As a dietitian I was naturally most interested in what I could eat to support my happiness and vitality though my period and to be upfront with you the majority of the information I found was not useful and I’d go so far as to say there was some downright wrong and harmful nutrition advice getting around (which I sincerely hope no one follows). It was this discovery which inspired to write this post for you.
I hope I’ve made it clear by now that I am by no means an expert on the entire topic of menstrual cycles given my strange journey with my own but where I do have a good grasp is nutrition and I’d truly like to share a little from my area of expertise with you. I want to put some legitimate but most of all useful information out there so it’s available to any woman wanting to learn real life ways you can eat which may support your happiness and vitality during your period whether it be your first time learning how to use a tampon or maybe drawing closer to one of your final.
I’ve condensed what I’ve learnt into 3 simple but potentially high impact nutrition suggestions for how you can make a few adjustments to what and how you’re eating to optimise your happiness and vitality during your period. So, if this has ever been something you are interested in, consider having a skim over the rest of this post or taking diligent notes. It may just change your life, in any case it’s the pest period-nutrition information you’ll find out there.

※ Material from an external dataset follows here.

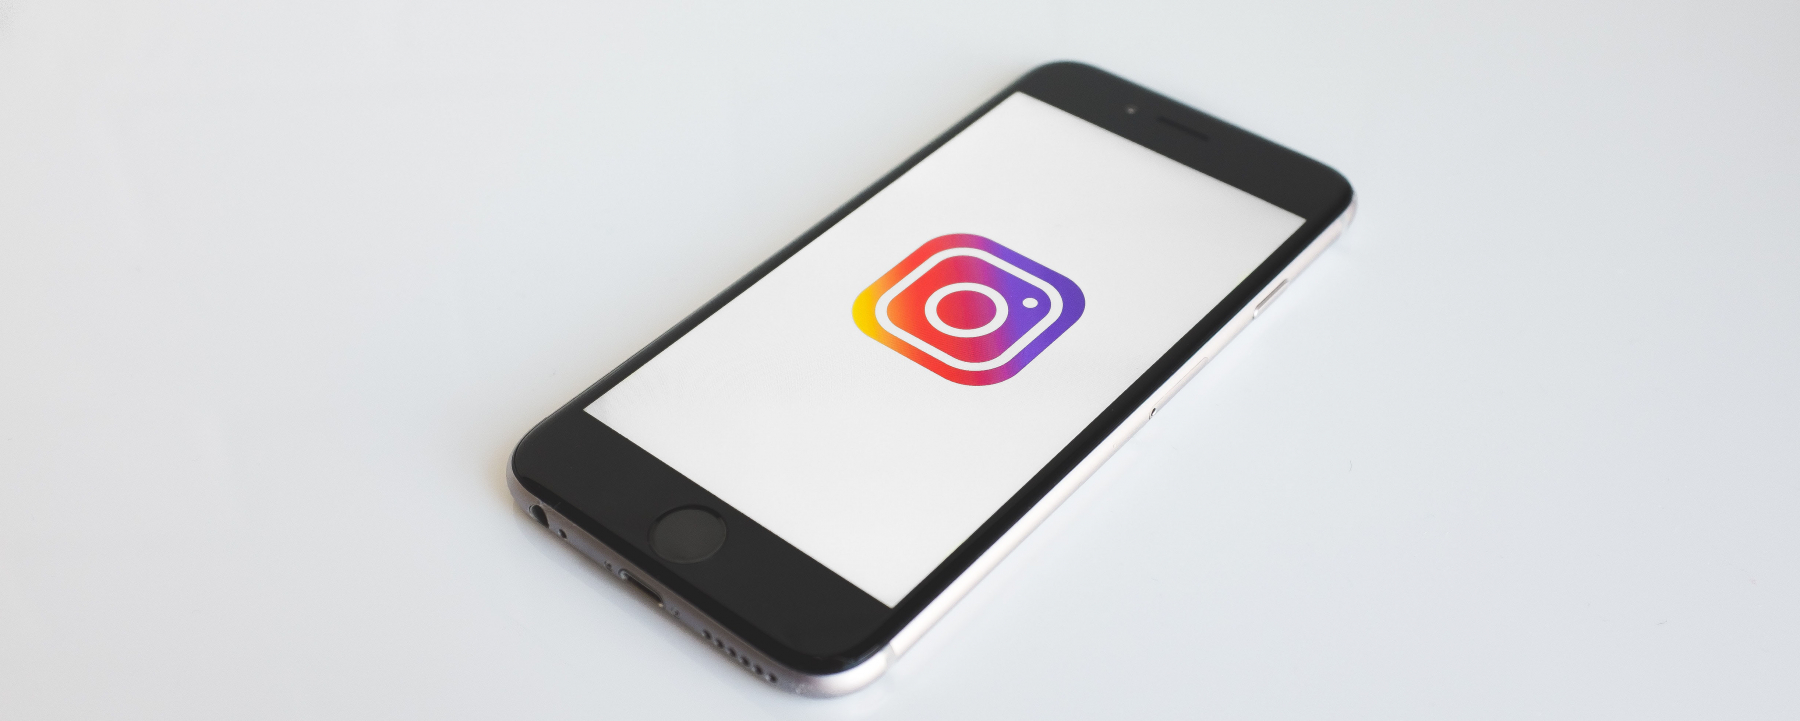 Webinar Instagram : comment gagner, engager et convertir vos abonnés ?, le 15 avril 2020, organisé par Neocamino et Réussir en FR 
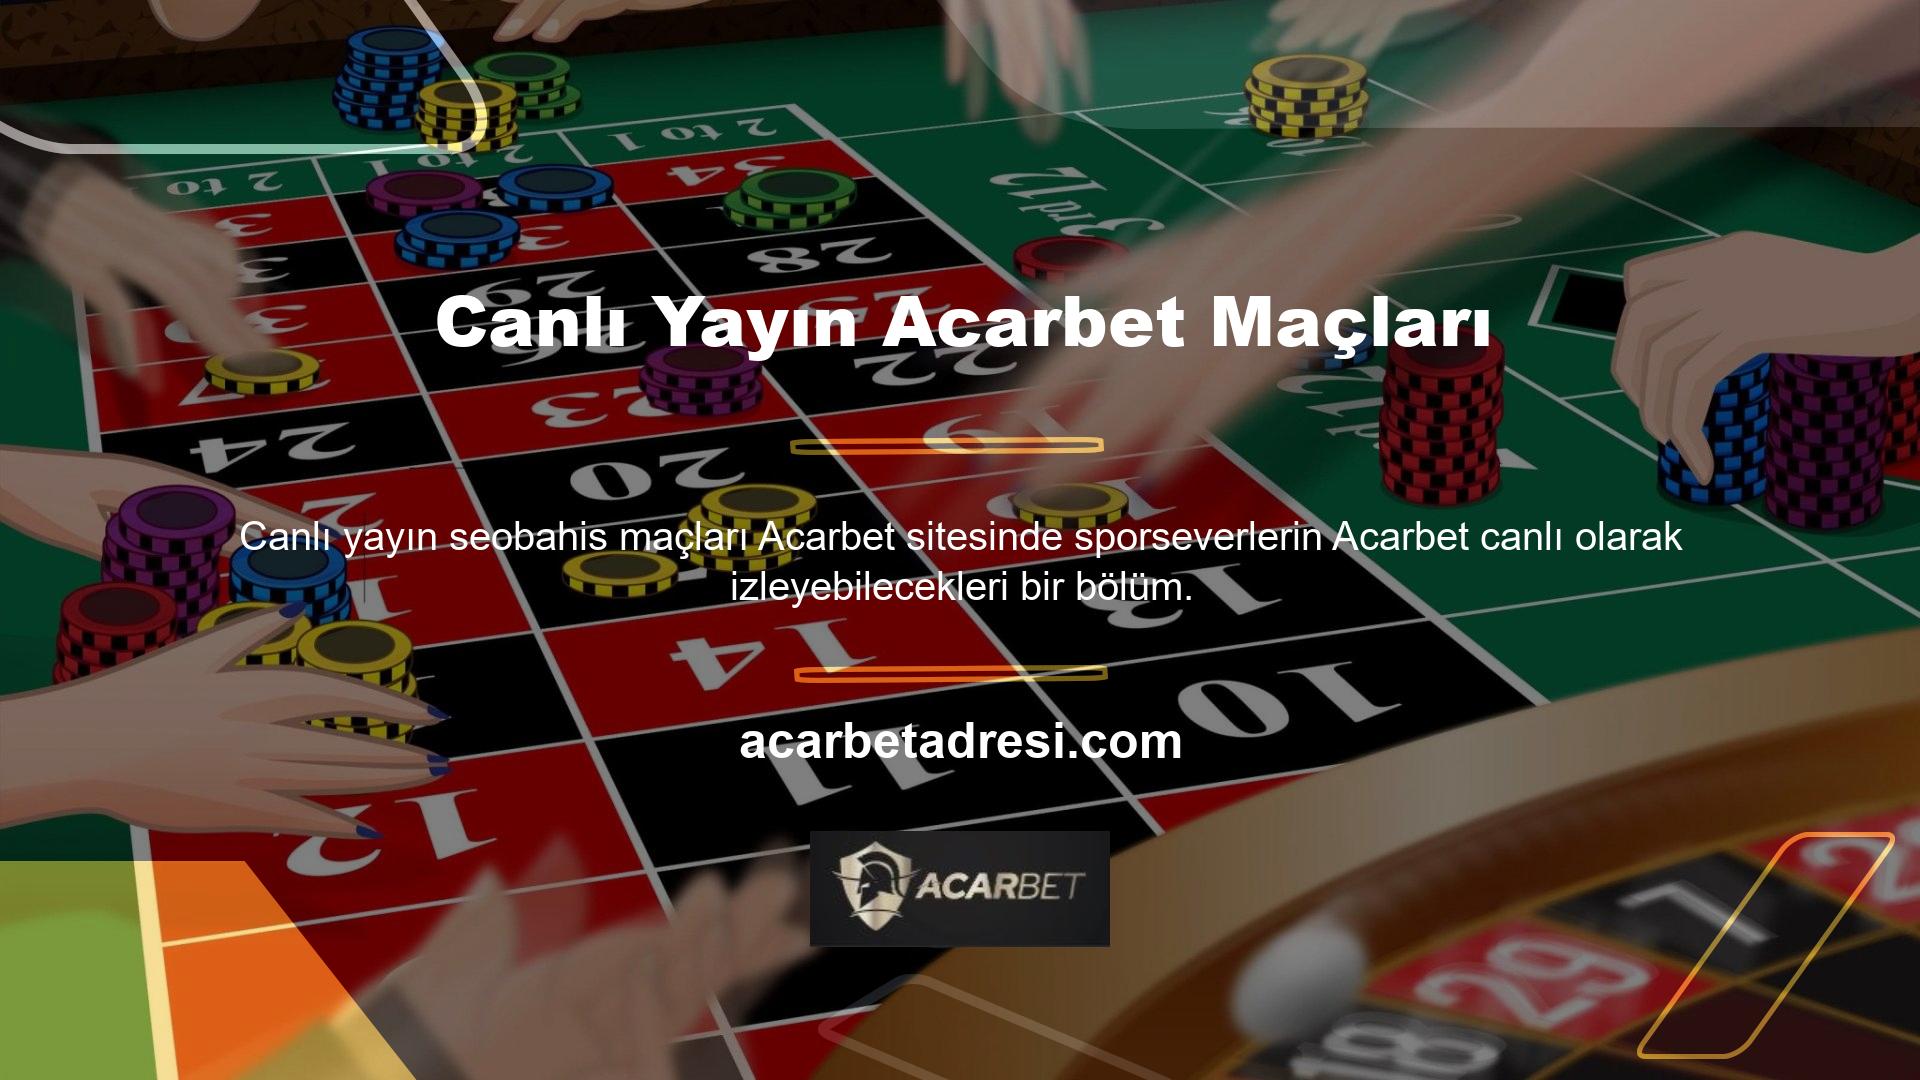 Acarbet, spor karşılaşmalarını hiçbir karşılık beklemeden canlı olarak yayınlayan sitelerden biridir

- Eat Foods Which Give You Energy

During my very short lived Goolge of “nutrition to support your period health” (or other word combinations to that effect… what does one type in to find information in this area?…) there was a disconcerting dominant theme and that was this strange advice to eat leafy greens and beside from that every other message appeared to be focussed on what you should not eat.
I’m just going to cut to the chase with this one leafy green vegetables are not a cure all for the physical nor the mental symptoms of PMS.
First and foremost, your body wants energy and for good reason because menstruation takes a fair bit of energy and nutrients after all it is the entire inner lining of your uterus getting shed and rebuilt each month!
There isn’t a whole lot of energy in leafy greens. So, by all means include them if you love them but please know they’re not a magical PMS cure and if you’re low on energy, feel irritable or moody the leafy greens aren’t going to help too much with that.
Nutrient and energy rich foods aka foods containing the three macronutrients namely fats (for example avocado, nuts, butter, seeds and olive oil), protein (for example fish, nuts, eggs and legumes) and carbs (for example bread, pasta, rice, oats and potato) on the other hand will. It is these more higher energy containing foods which should realistically always be the mainstay of any healthful diet at least of any person wanting to lead a productive and engaged life.
It doesn’t matter how much lettuce you eat or how many supplements you take if you’re not meeting your body’s need for energy your period isn’t going to be a fun time because your daily life isn’t going to be a fun time.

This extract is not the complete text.